DATA EXTRACT
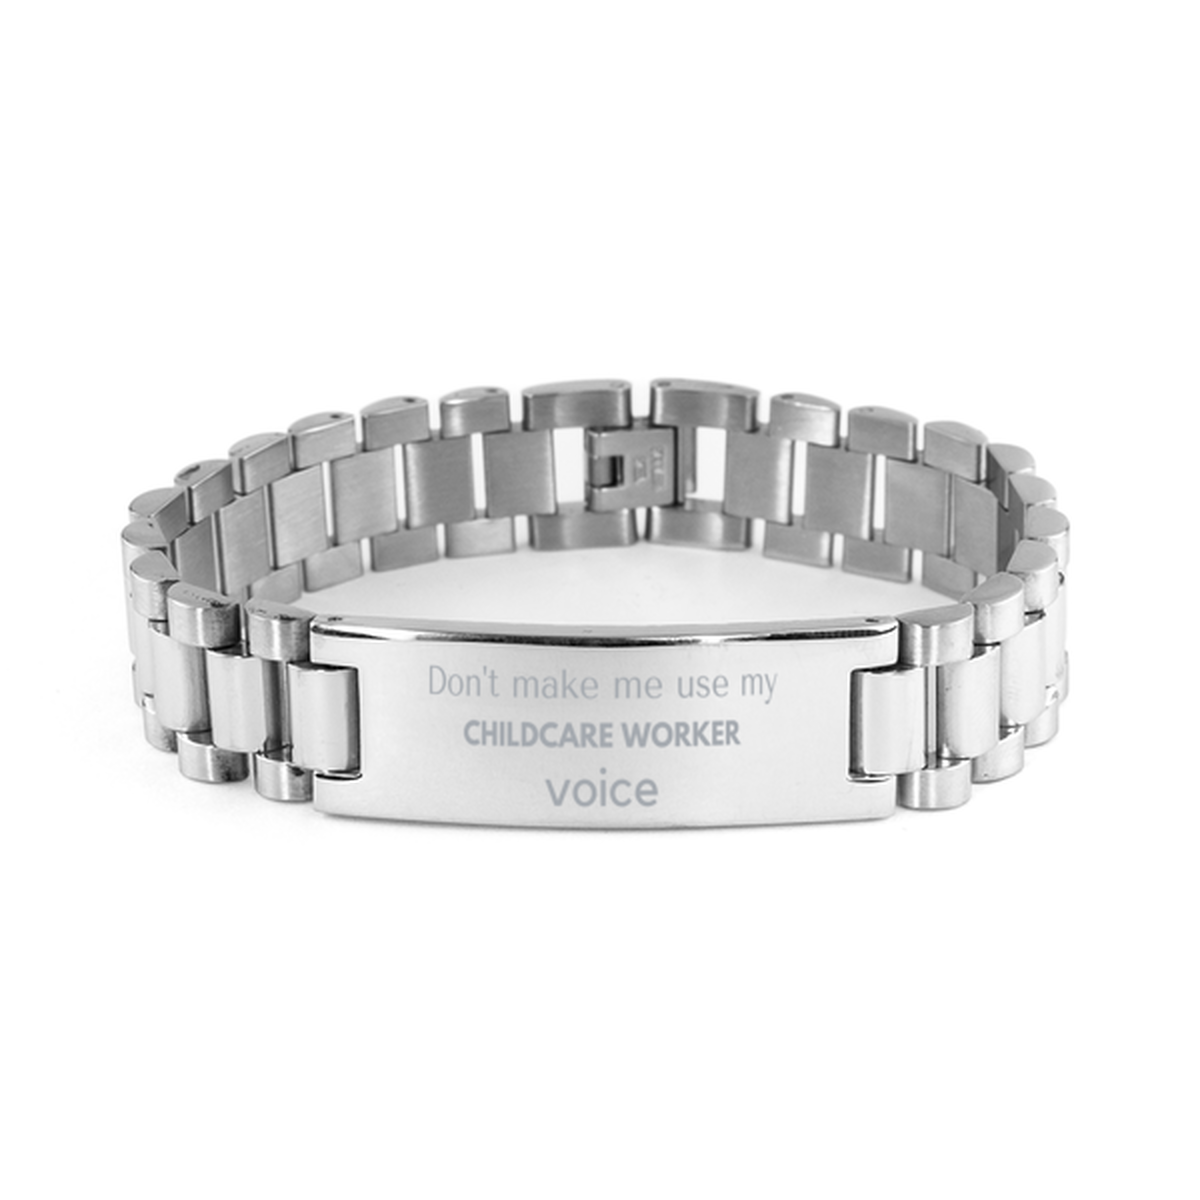 Don't make me use my Childcare Worker voice, Sarcasm Childcare Worker Gifts, Christmas Childcare Worker Ladder Stainless Steel Bracelet Birthday Unique Gifts For Childcare Worker Coworkers, Men, Women, Colleague, Friends
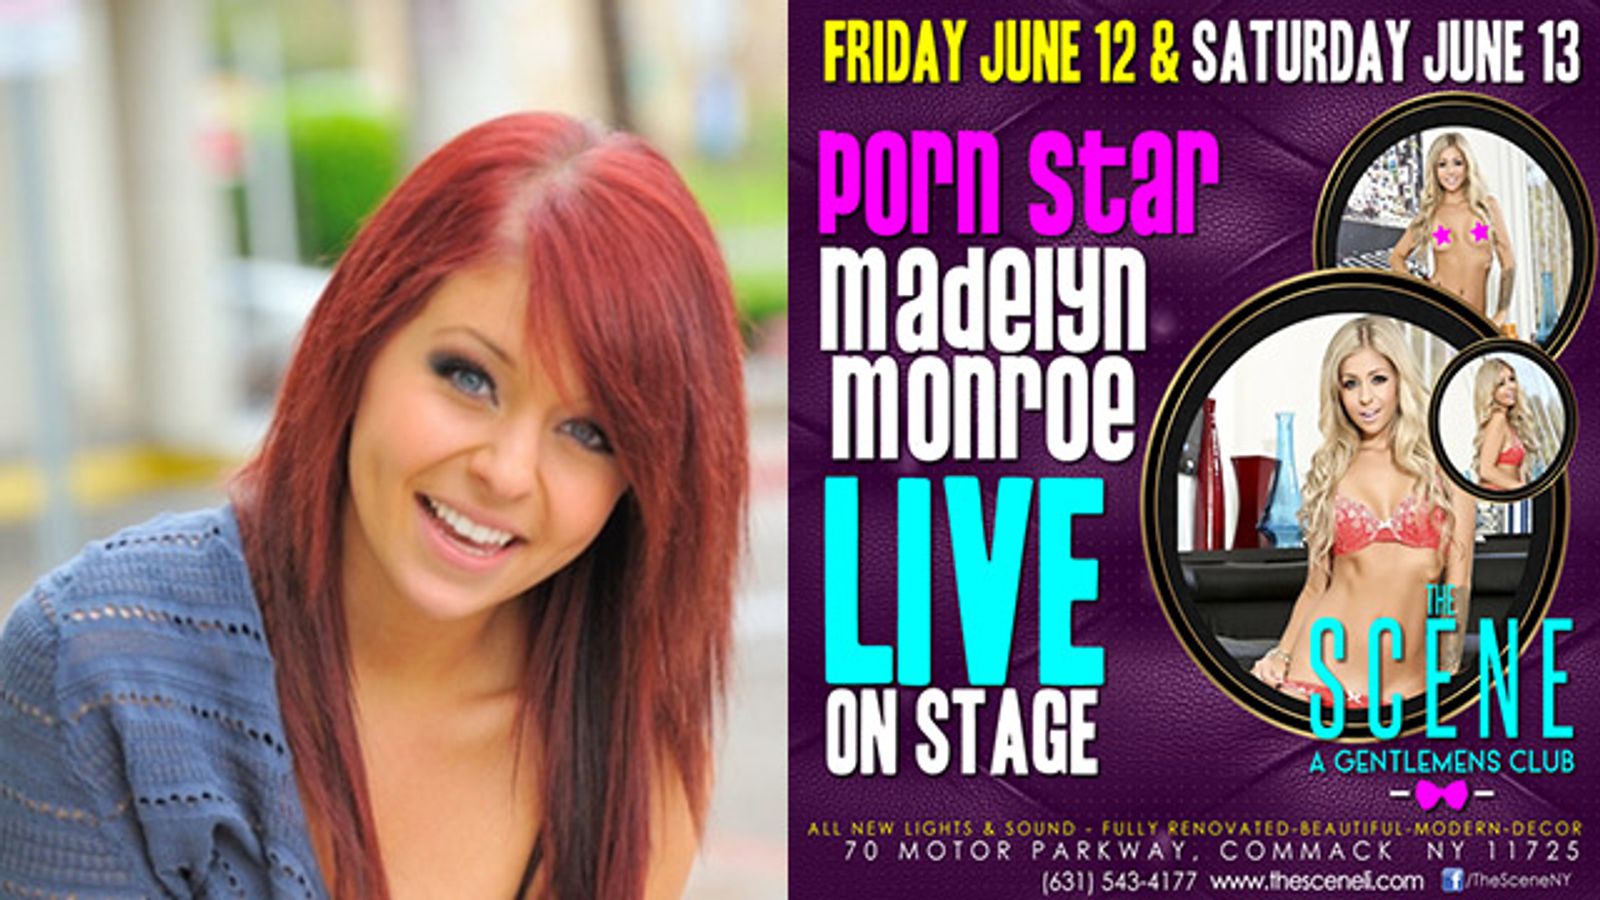 Madelyn Monroe to Perform Live at The Scene Gentlemen’s Club
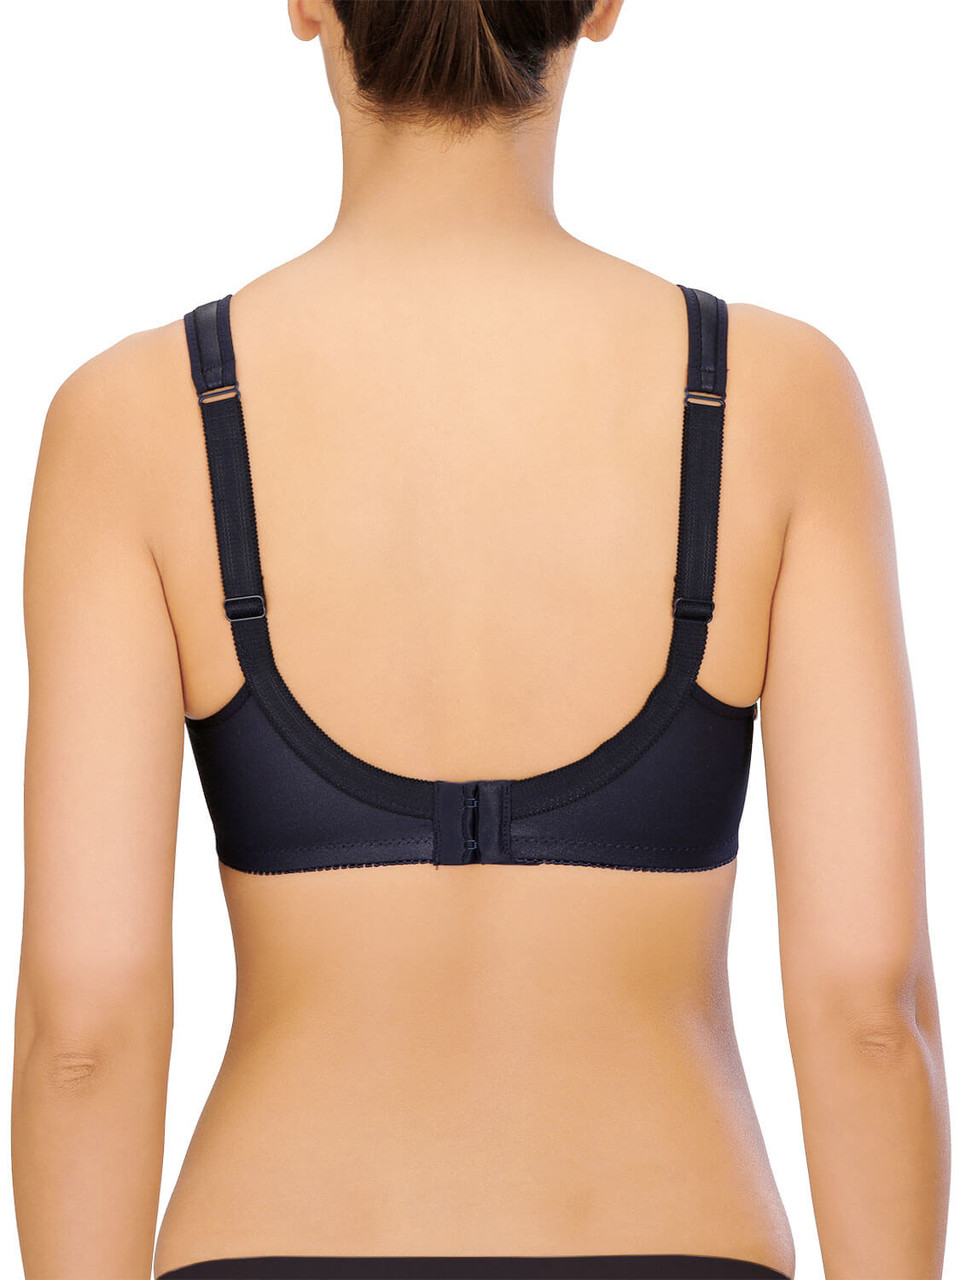 NATURANA Full coverage wide strap Cotton bra B-DD Cups in band sizes 14-36  - Beige & Navy - Arianne Lingerie
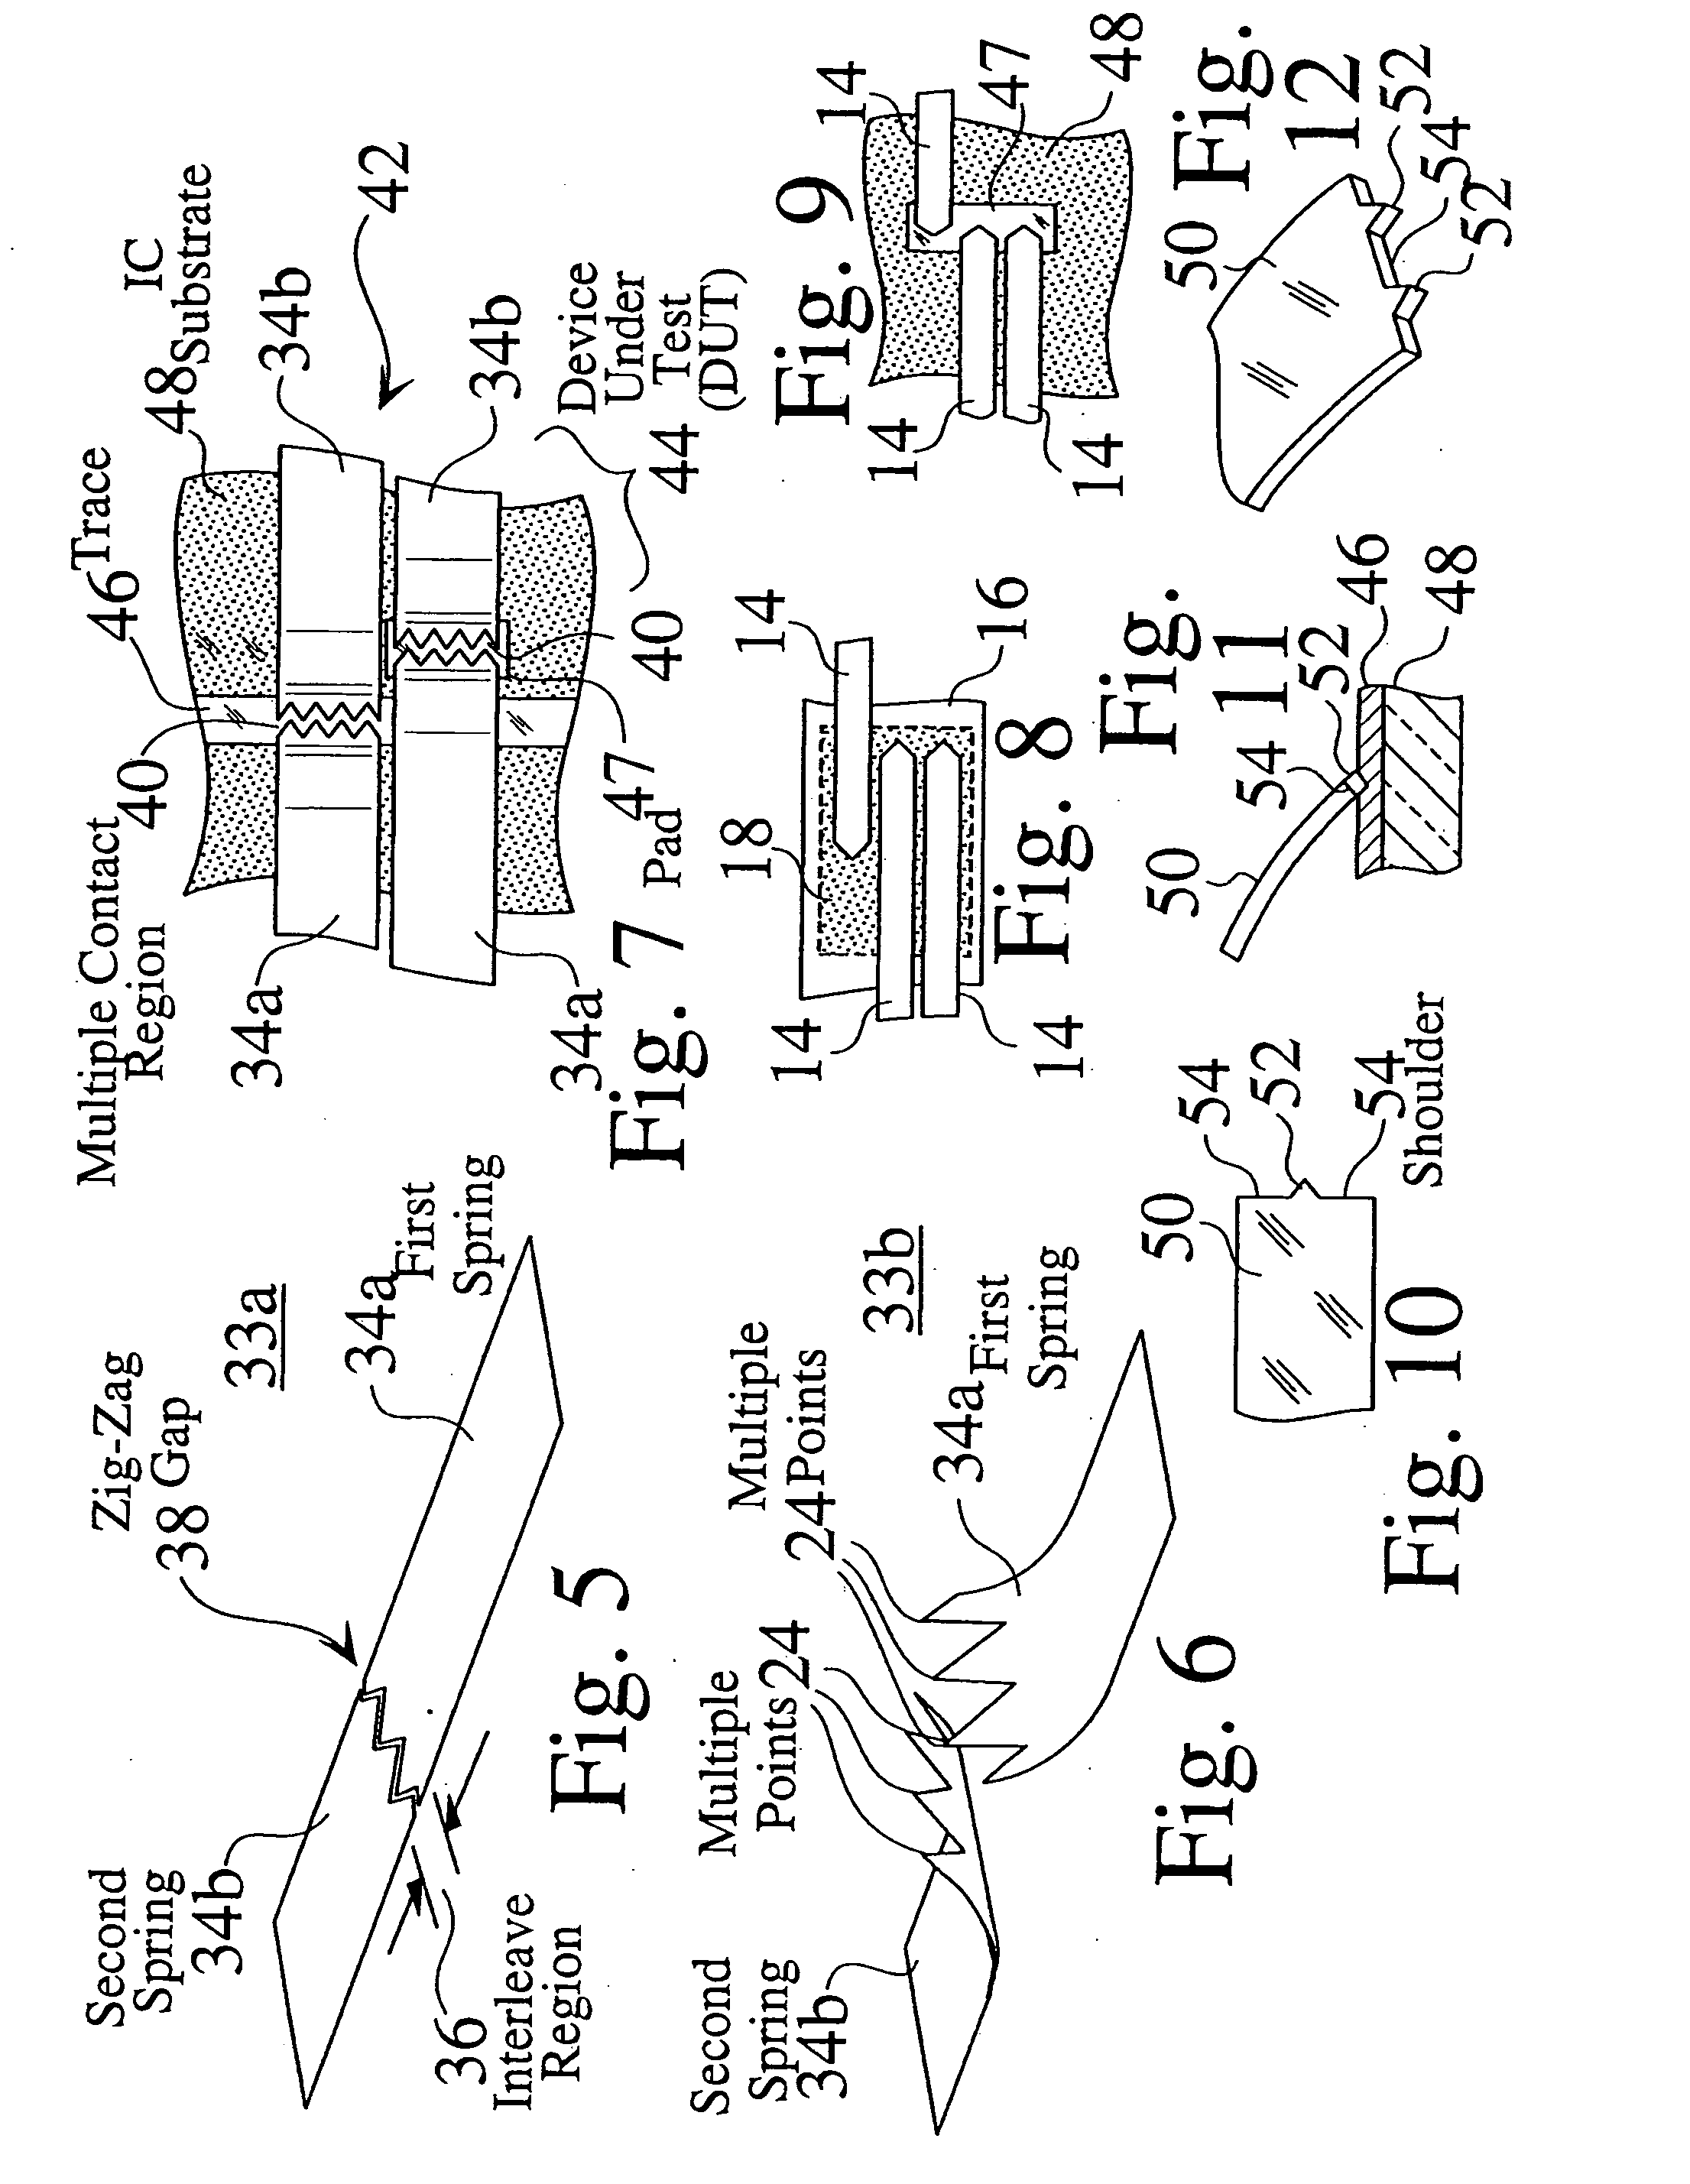 Systems for testing and packaging integrated circuits

AIM OF THE EXERCISE
Word-for-word transcription: the whole listing, with images excluded.

WRITTEN SOLUTION
 Don't make me use my Childcare Worker voice, Sarcasm Childcare Worker Gifts, Christmas Childcare Worker Ladder Stainless Steel Bracelet Birthday Unique Gifts For Childcare Worker Coworkers, Men, Women, Colleague, Friends
 Madelyn Monroe to Perform Live at The Scene Gentlemen’s Club
 NATURANA Full coverage wide strap Cotton bra B-DD Cups in band sizes 14-36  - Beige & Navy - Arianne Lingerie
 Systems for testing and packaging integrated circuits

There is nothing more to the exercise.